This paragraph both illuminates and is illuminated by the work of Thomas Frank, who has so brilliantly shown — above all in his masterpiece Listen, Liberal— just how, since the election of our first Neoliberal president in 1992 (which was, significantly, the year after the collapse of the USSR), the Democrats have reinvented themselves as the party of the Liberal Learning Creative Professional Managerial Class, the party of the credentialed meritocracy, the party of, above all, the winners. So, yes, as a matter of course, the Democrats have been taught to be openly hostile to working-class “deplorables,” as Hillary Clinton officially named them, to see them as “being a real pain in the ass,” as Hopkins writes.
And the deplorables really are a drag on the global capitalist system. (Most of them want free health care, for Pete’s sake!) A lot of them voted for the socialist Bernie Sanders, and, far, far worse, even more of them voted for the “white-supremacist white-nationalist fascist dictator Nazi-Hitler” (as Glenn Greenwald said!), i.e. Trump. They really are, bottom line here, losers with a big L.

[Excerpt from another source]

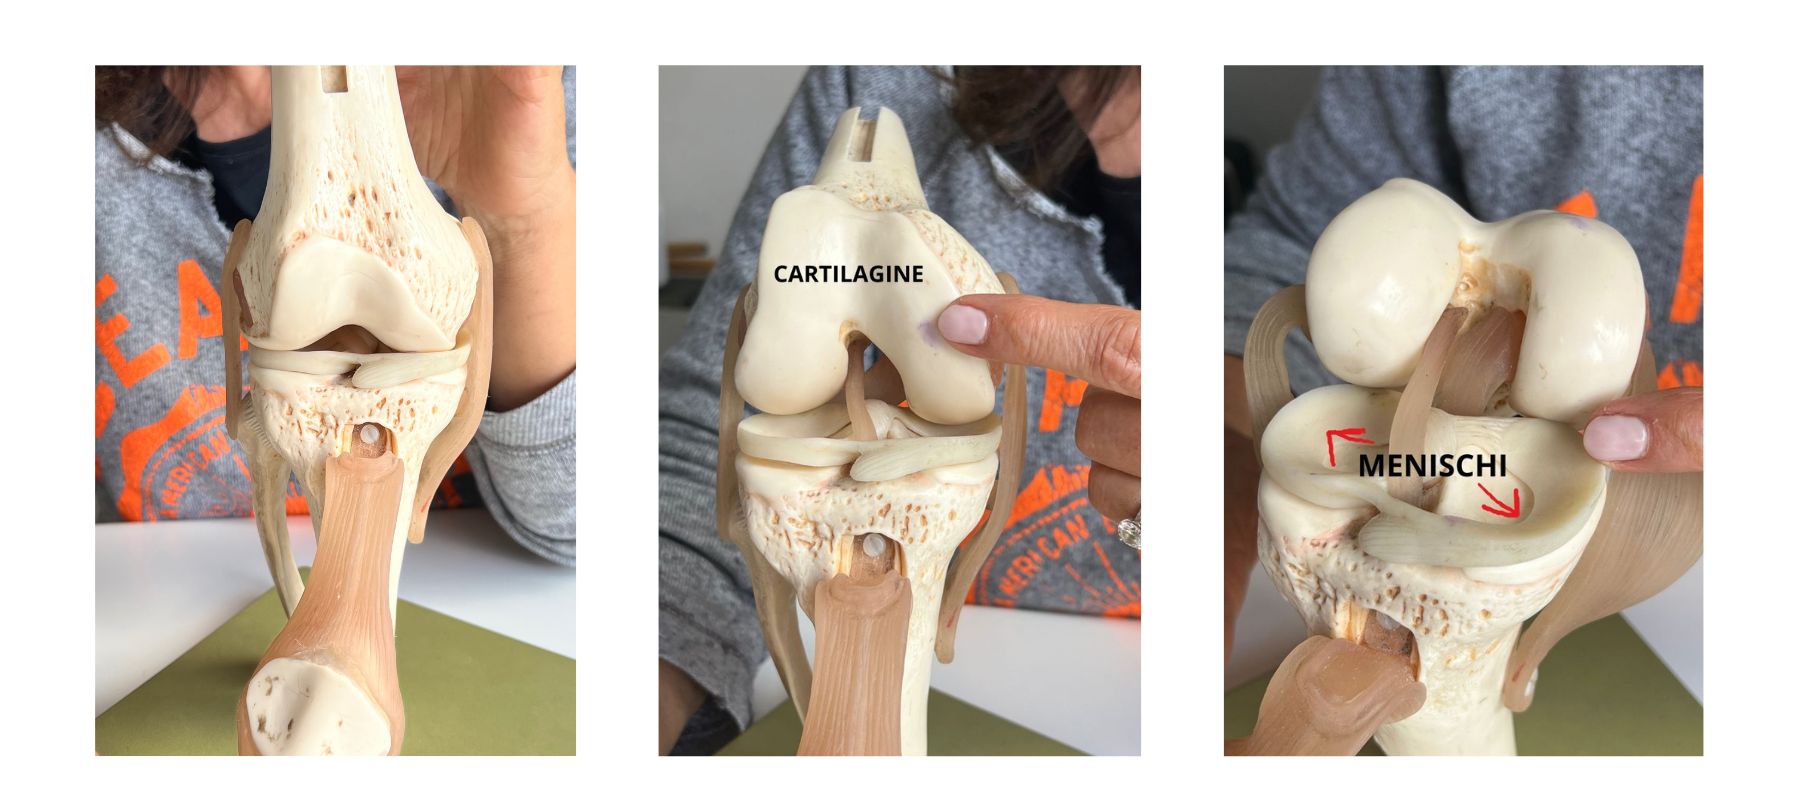 artrosi ginocchio modellino con cartilagine e menischi

The liberals, the bien pensants(as Thomas Frank has called them) — the winners, that is — who read The New York Timesand The Washington Post and listen to NPR and watch MSNBC and CNN, who went to good colleges and got all kinds of professional credentials, are certainly well-informed enough to know that the future is all about global capitalism. And they know that, if they play by the rules, global capitalism has a place for them. Furthermore, they know (or could easily figure it out) that global capitalism does not have a place for life’s losers. But that’s just tough shit, isn’t it?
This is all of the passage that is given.